**What the task requires:** Look below for the line containing "hangzhou textiles 100%", then write out that line and every line after it to the end, exactly, minus the pictures.

**Available data:**

---+---

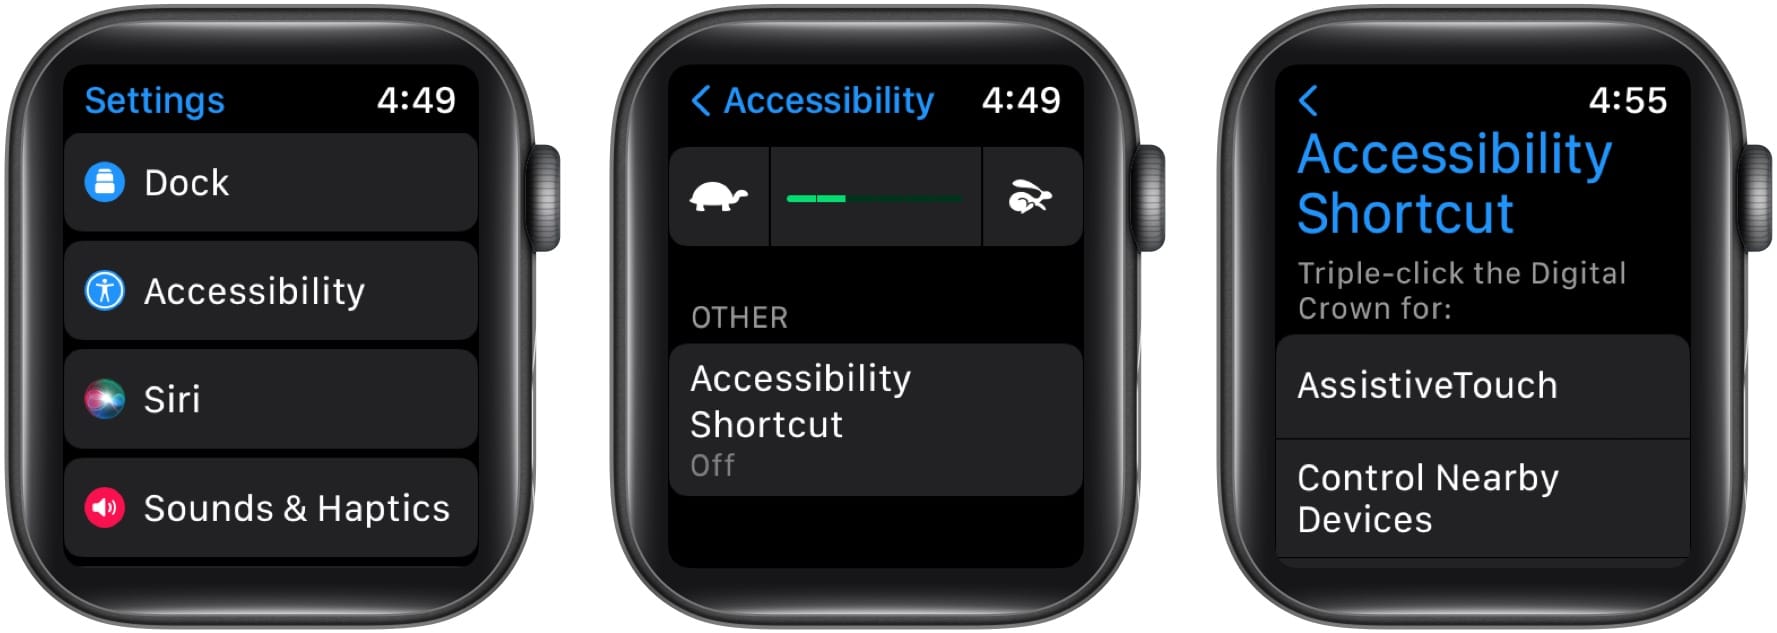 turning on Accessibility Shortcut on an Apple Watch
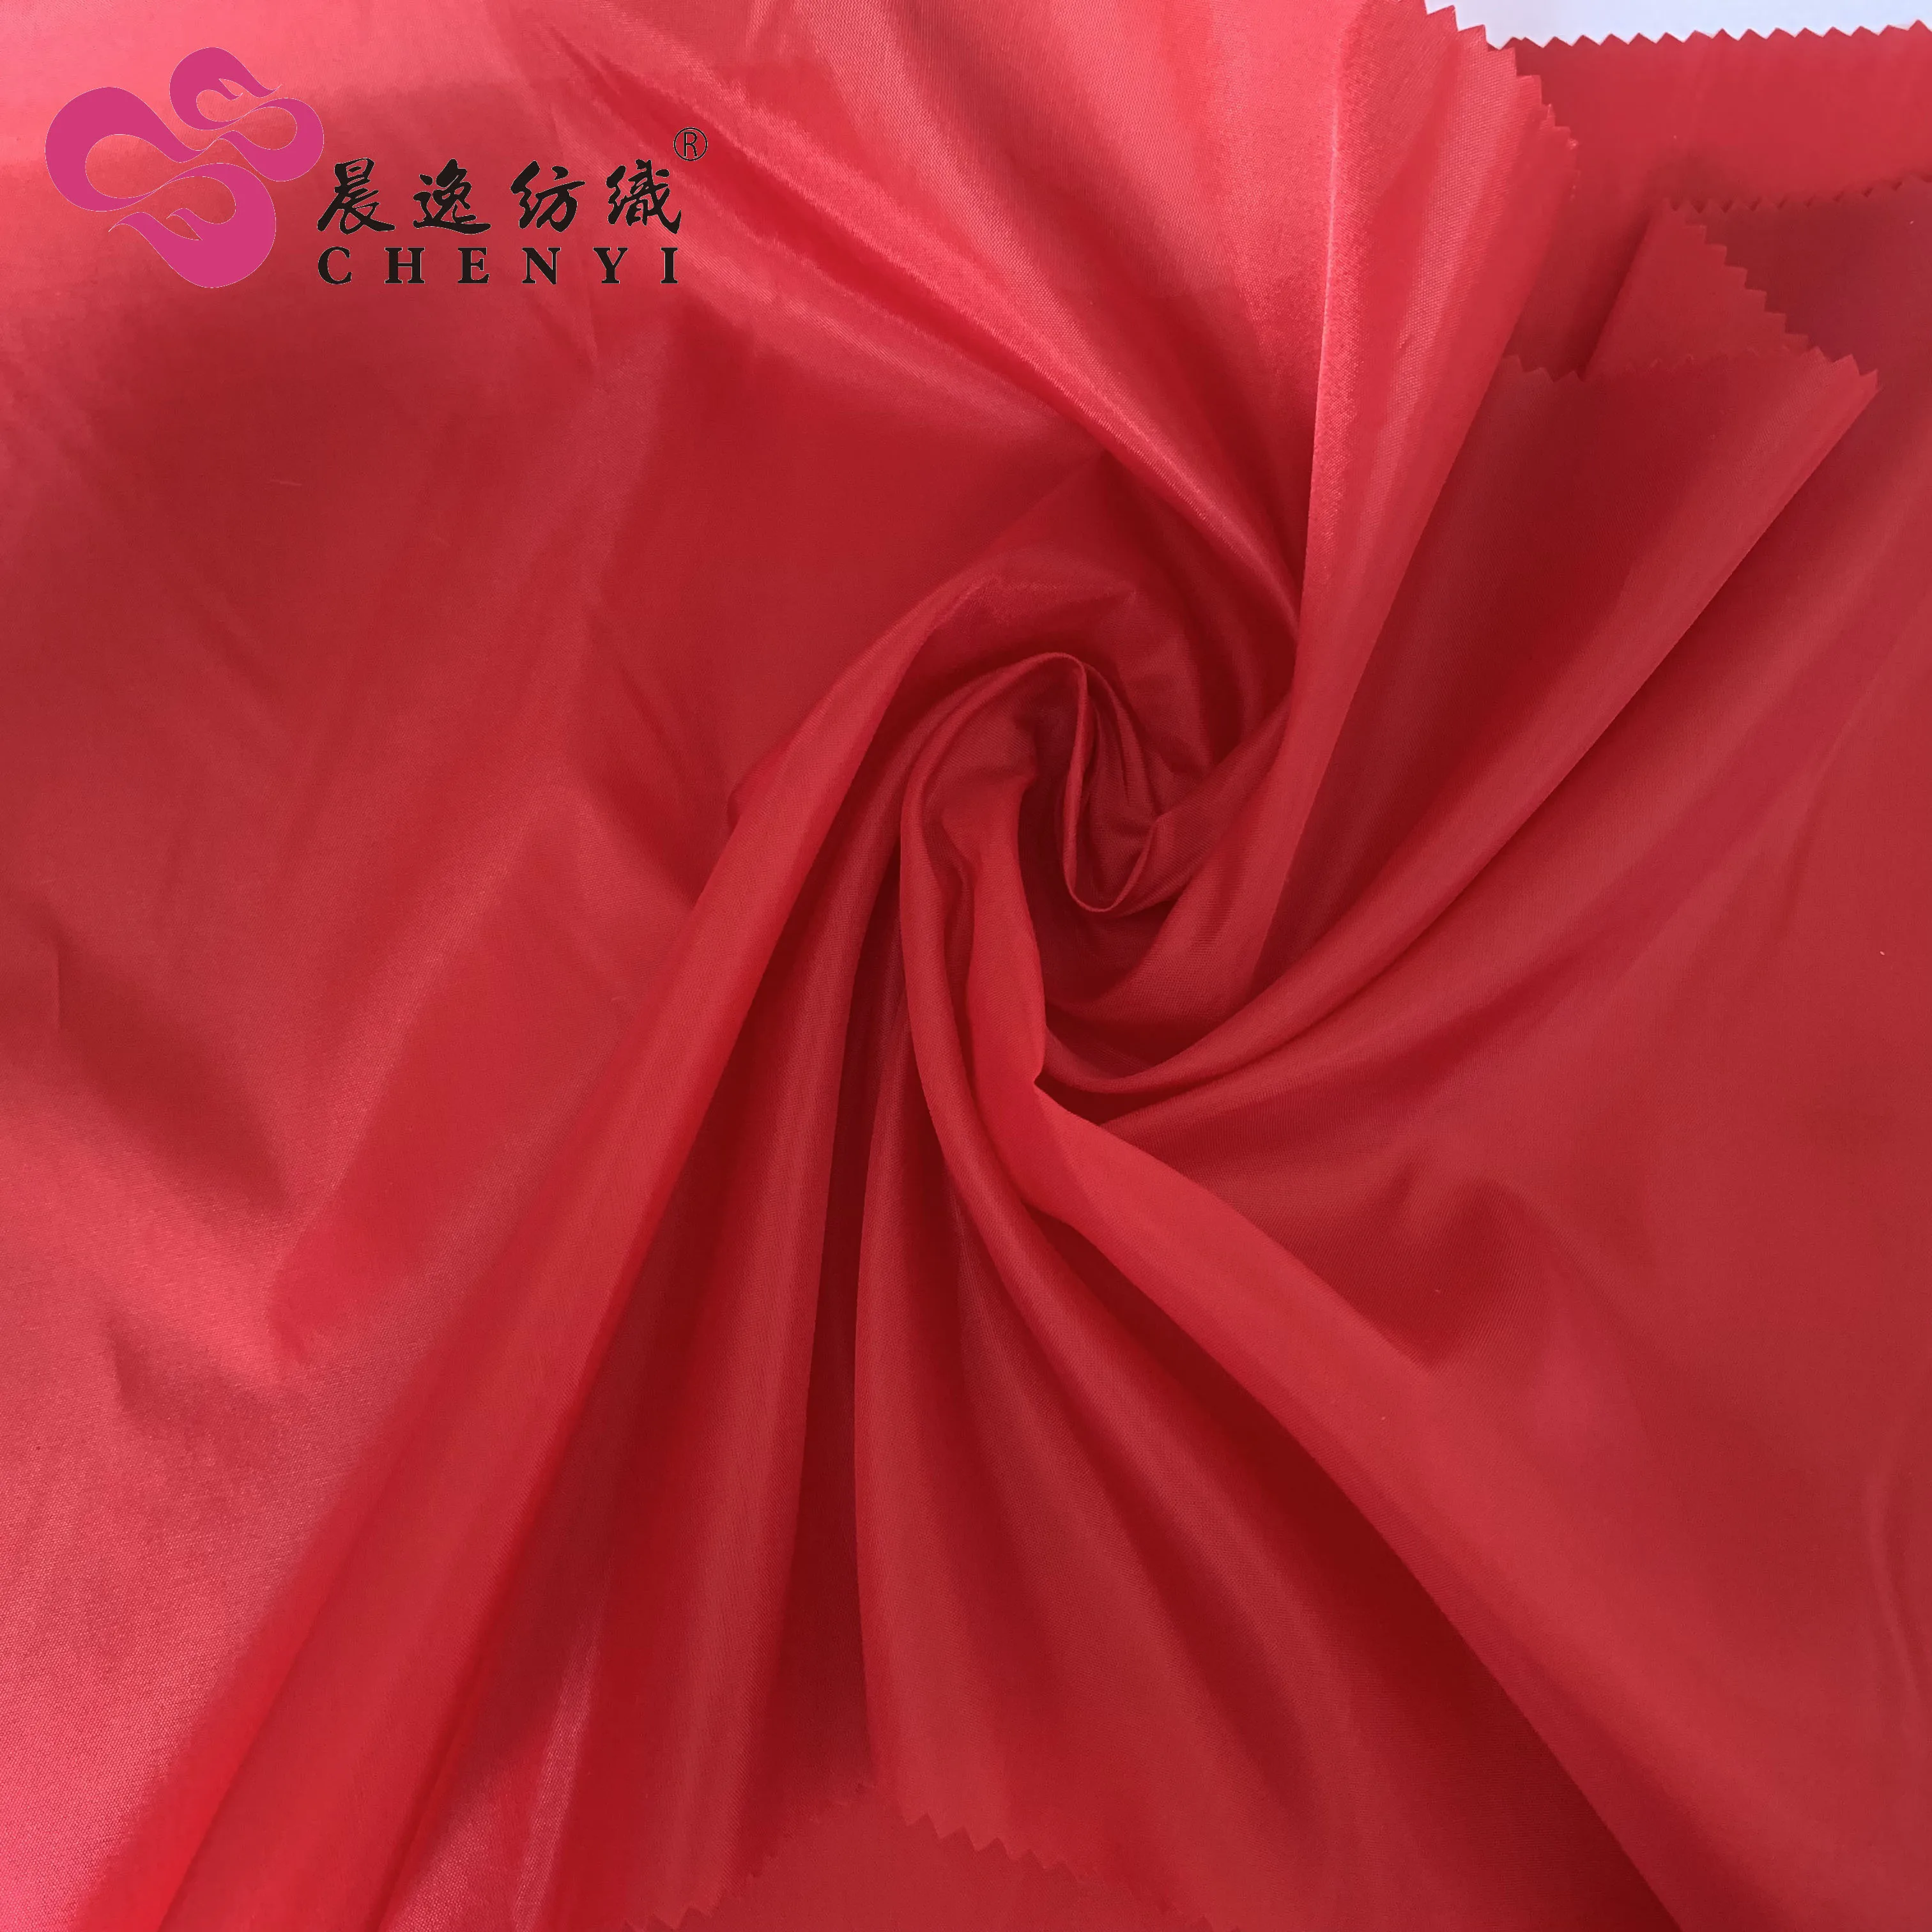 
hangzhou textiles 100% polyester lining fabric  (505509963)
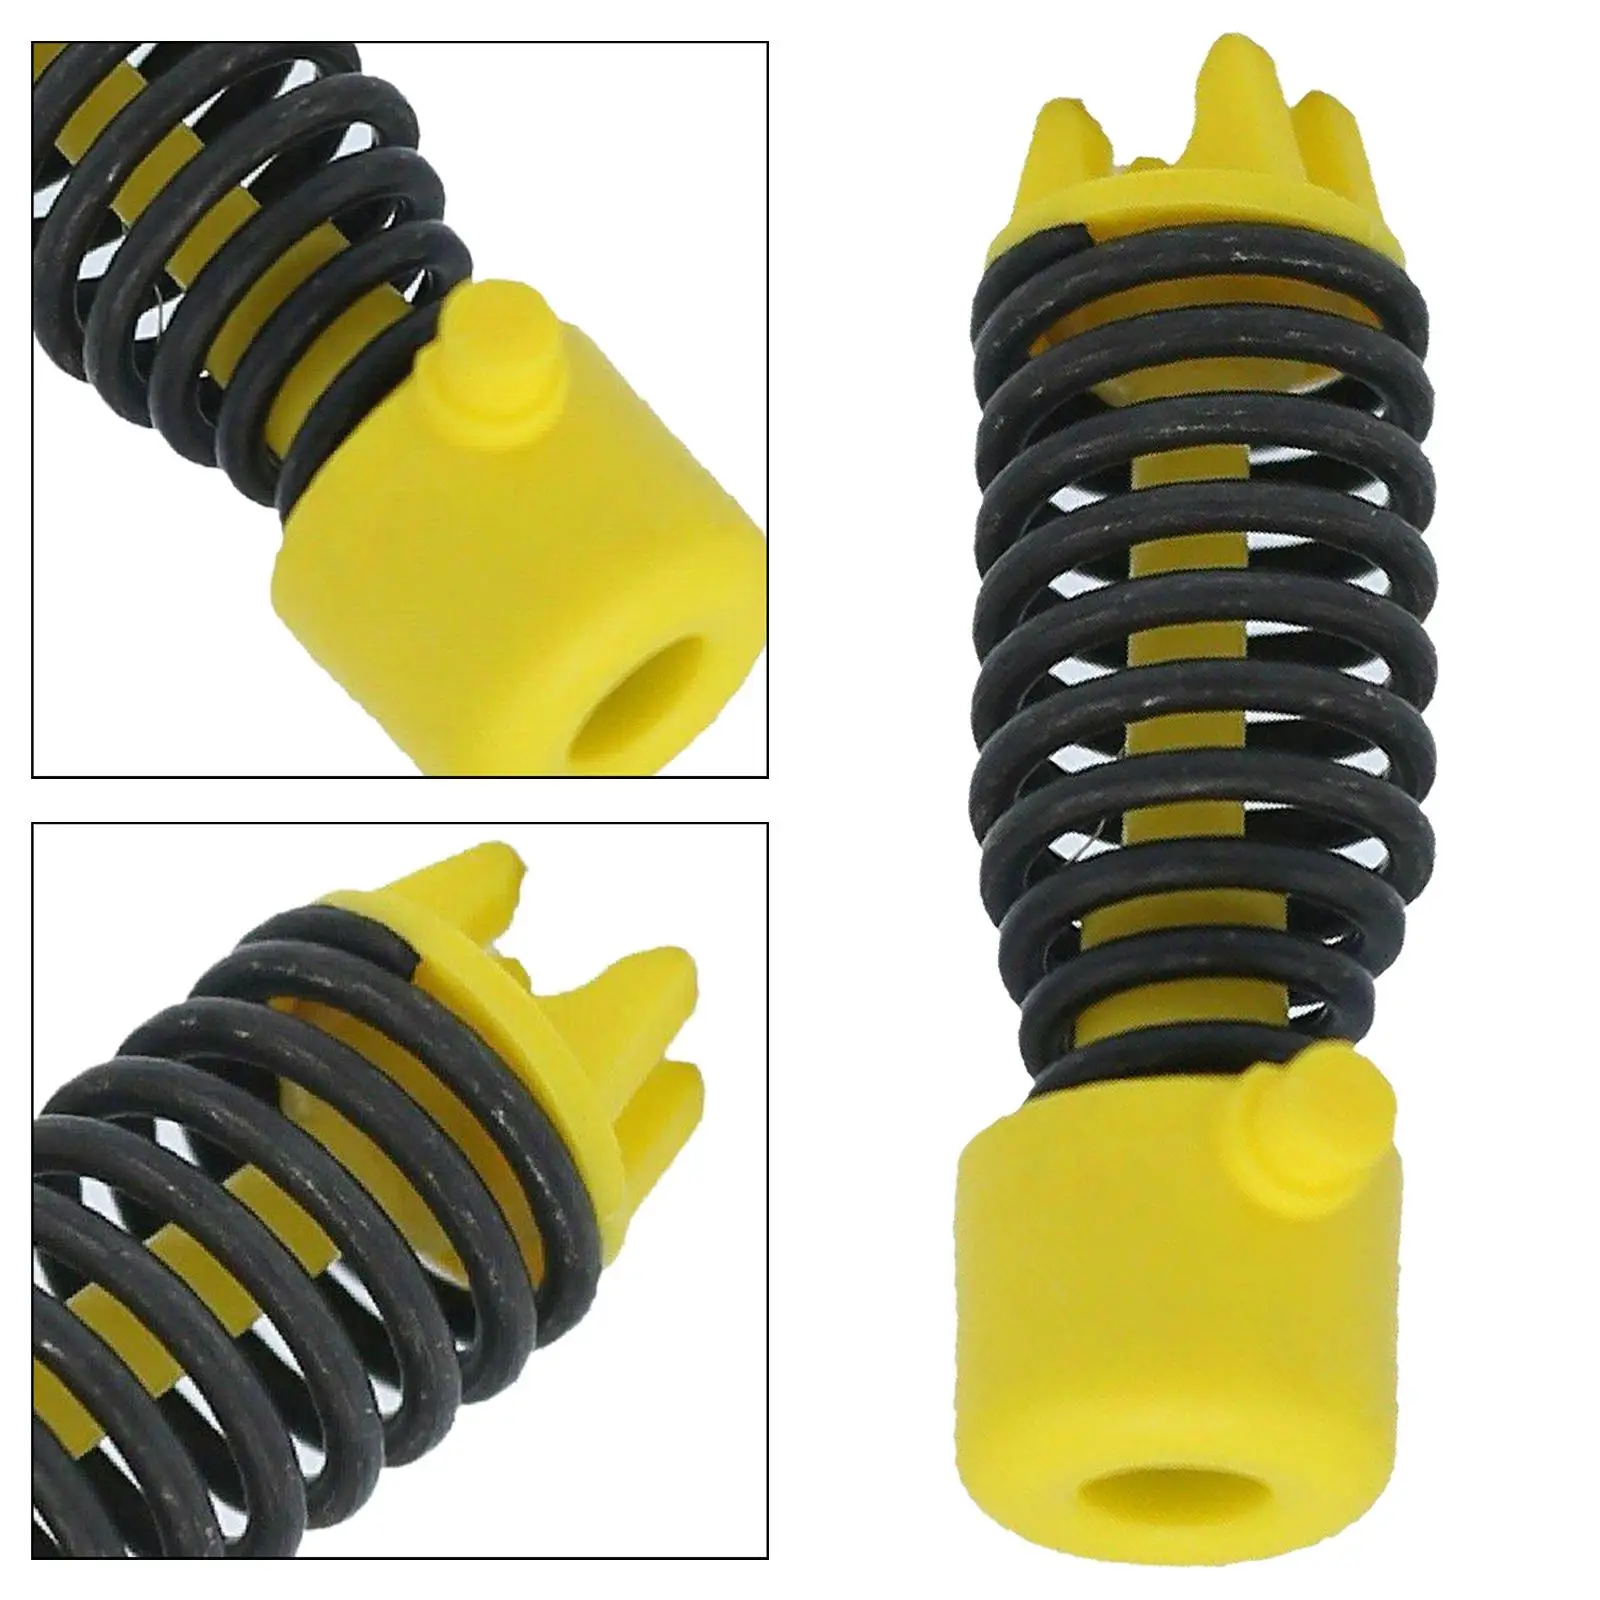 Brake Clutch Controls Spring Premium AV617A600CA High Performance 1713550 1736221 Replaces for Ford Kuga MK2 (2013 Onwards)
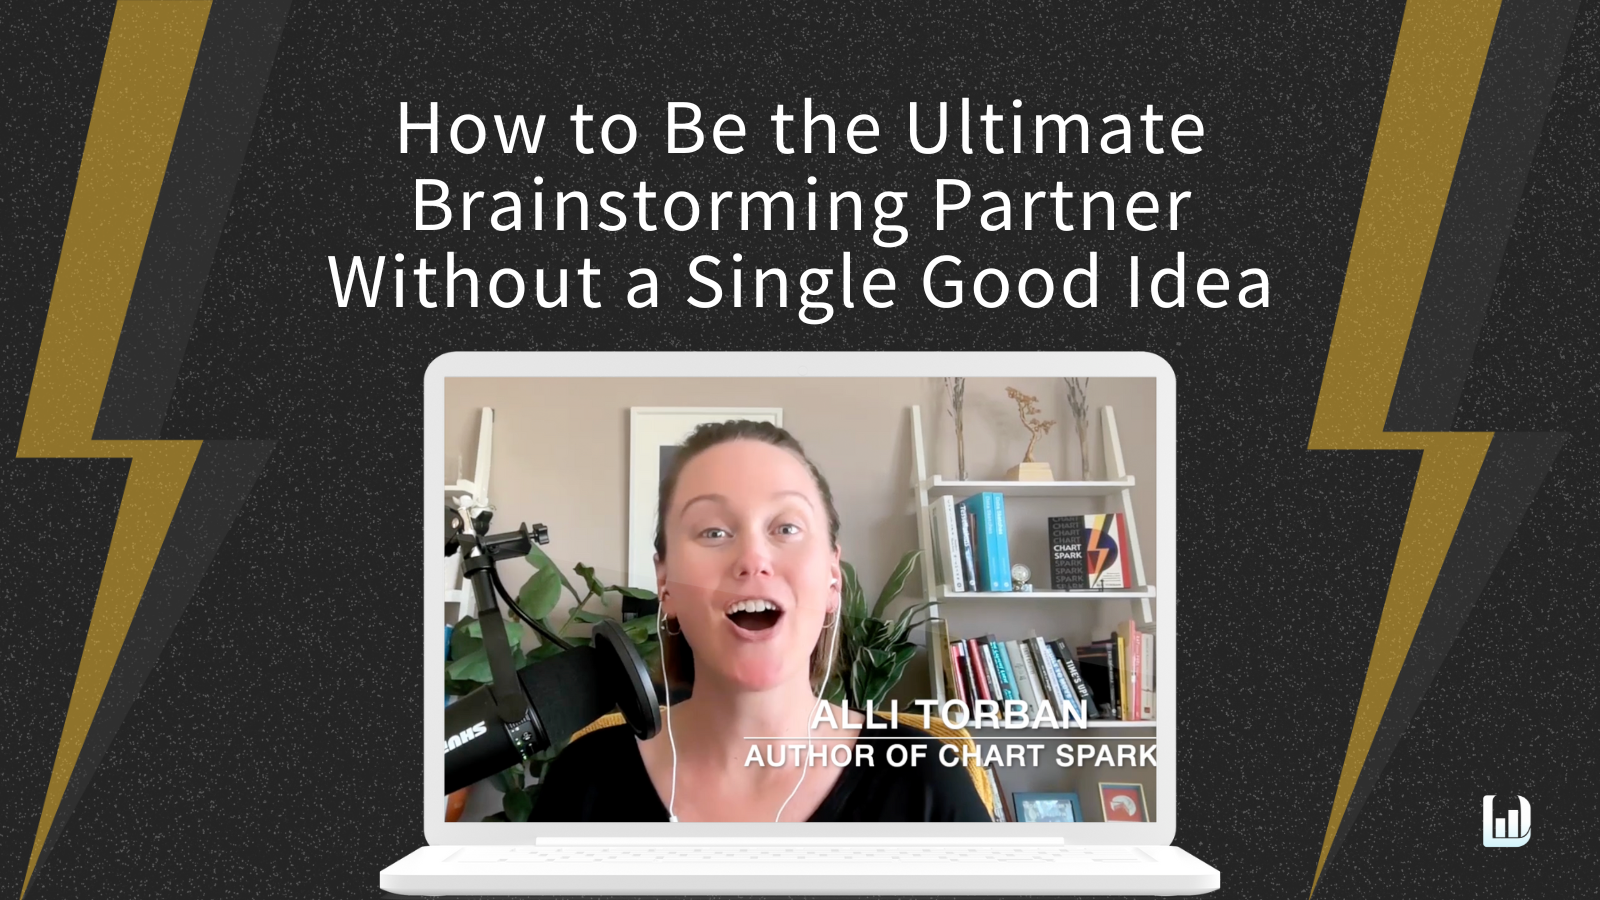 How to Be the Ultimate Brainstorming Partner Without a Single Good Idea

---+---

**Exercise output:**
hangzhou textiles 100% polyester lining fabric  (505509963)
 Brake Clutch Controls Spring Premium AV617A600CA High Performance 1713550 1736221 Replaces for Ford Kuga MK2 (2013 Onwards)
 How to Be the Ultimate Brainstorming Partner Without a Single Good Idea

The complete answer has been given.